Figure 9: Template of interactions.

F.3 Risk-Preference Questionnaire Template

The methodology for assessing risk preferences through structured questions is twofold, designed to discern the inherent risk orientation of the AI model under different conditions. Initially, the model is presented with a set of scenarios where it must select an option that best aligns with its assessed risk profile, simulating an introspective decision-making process. This setup aims to capture the model’s spontaneous risk preferences without external biases.

Subsequently, the experiment introduces a predefined constraint by explicitly characterizing the model as risk-averse within the instructions. This manipulation is intended to observe the adaptability of the model’s responses to altered risk parameters, thereby evaluating its capacity for contextual behavioral adjustment. The layout and content of these questions are encapsulated in the template depicted in Figure 10, which systematically guides the model through the decision-making process under varying risk conditions.

Refer to caption

Figure 10: Template of risk-preference questions.

Appendix G FinCausal Dataset

In this section, we introduce the construction process of the FinCausal dataset, which requires the acquisition of relevant causal knowledge from past financial text materials. This process can be mainly divided into data collection, deduplication, segmentation, and knowledge extraction. The main flowchart is shown in Figure 11.

Firstly, we crawled 500,000 research reports from the internet, ranging from 2020 to 2023, including individual stock research, industry analysis, and macro analysis. We used regular matching and the FastText language filter for classification, mainly retaining Chinese A-Share individual stock research and industry analysis. Since individual stock reports rarely describe causal relationships for negative events, we further crawled some news analyses and stock forum comments to enrich the description of individual stock causal knowledge.
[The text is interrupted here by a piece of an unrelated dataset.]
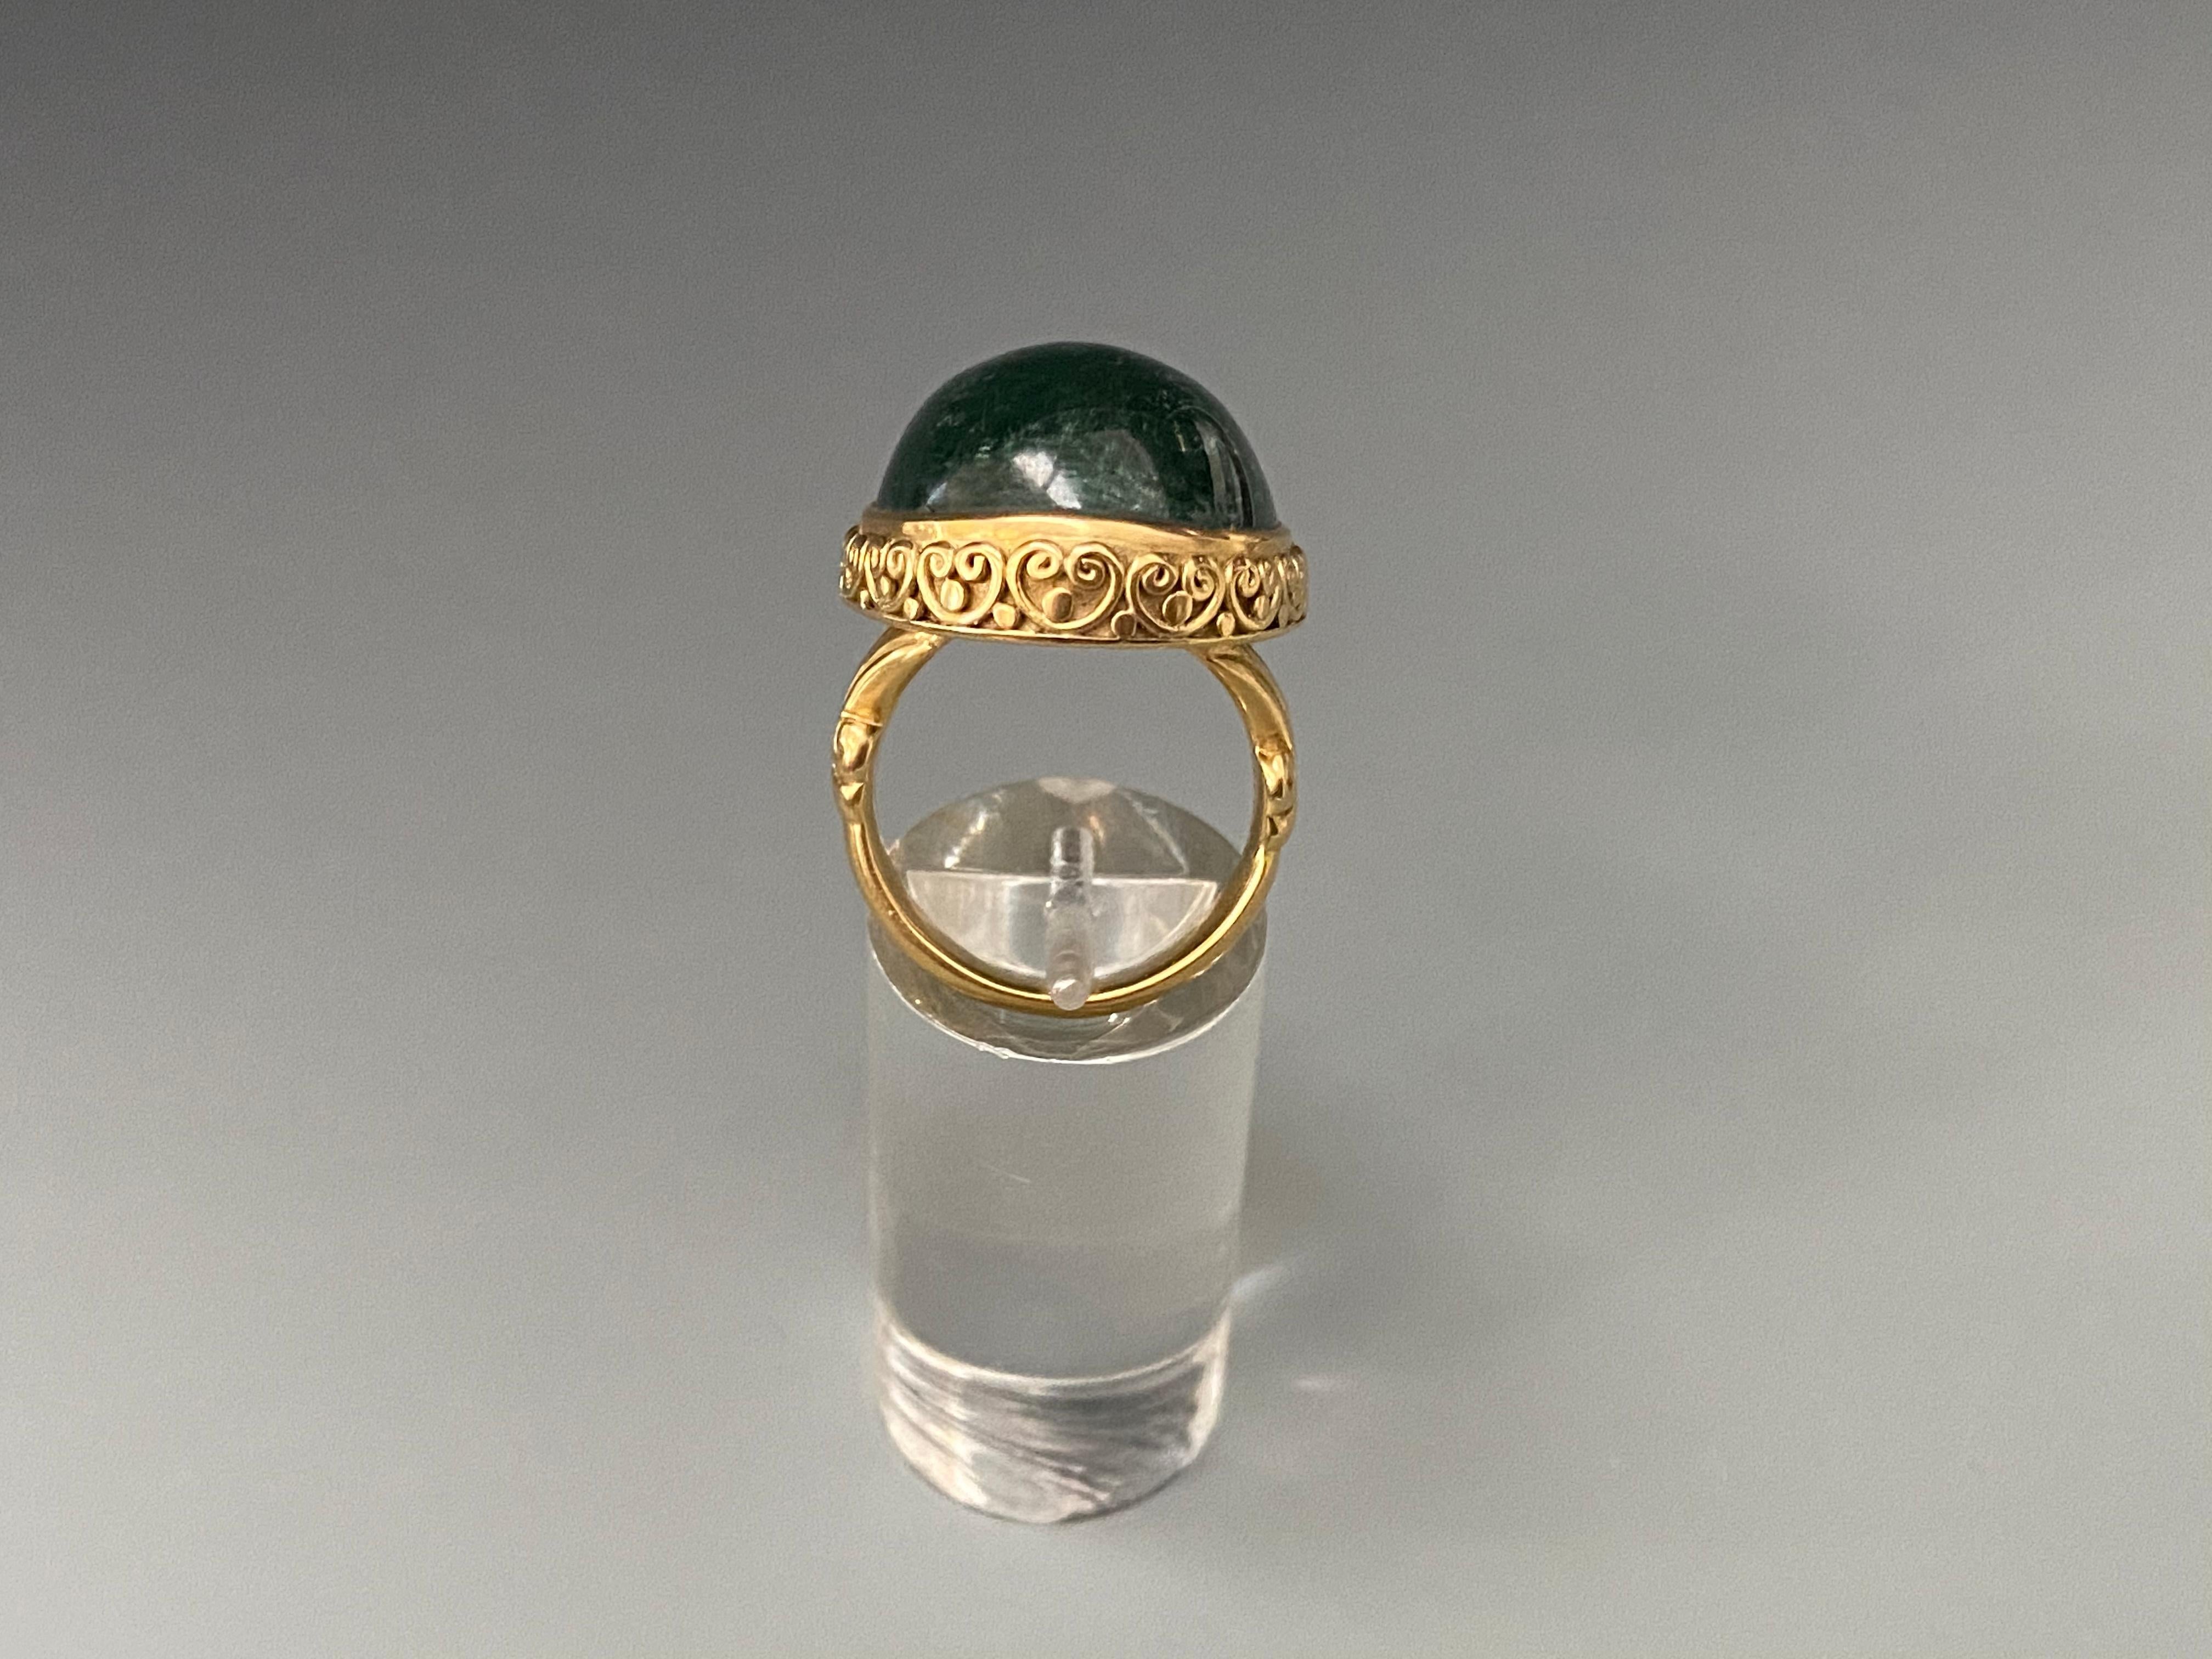 A large beautiful blue-green tourmaline oval cabochon accompanied with hand soldered delicate spiral bezel accents will be an object of admiration for the owner of this ring.   Currently size 7, but can be resized.  The stone is approximately

After filtering the research report data, we used the MinHash algorithm to perform document-level deduplication on all content. To extract sentences with causal expressions, we meticulously categorized the content of the research reports into seven distinct types, which included ordinary sentences, causal sentences, news-related content, recommendation ratings, investment advice, risk warnings, and researcher information. We then manually annotated a comprehensive dataset comprising 3,000 pieces of data to train a sophisticated BGE+TextCNN classification model. This model was specifically designed to discern and categorize the various types of sentences present in the financial reports, with a particular focus on identifying those that convey causal relationships.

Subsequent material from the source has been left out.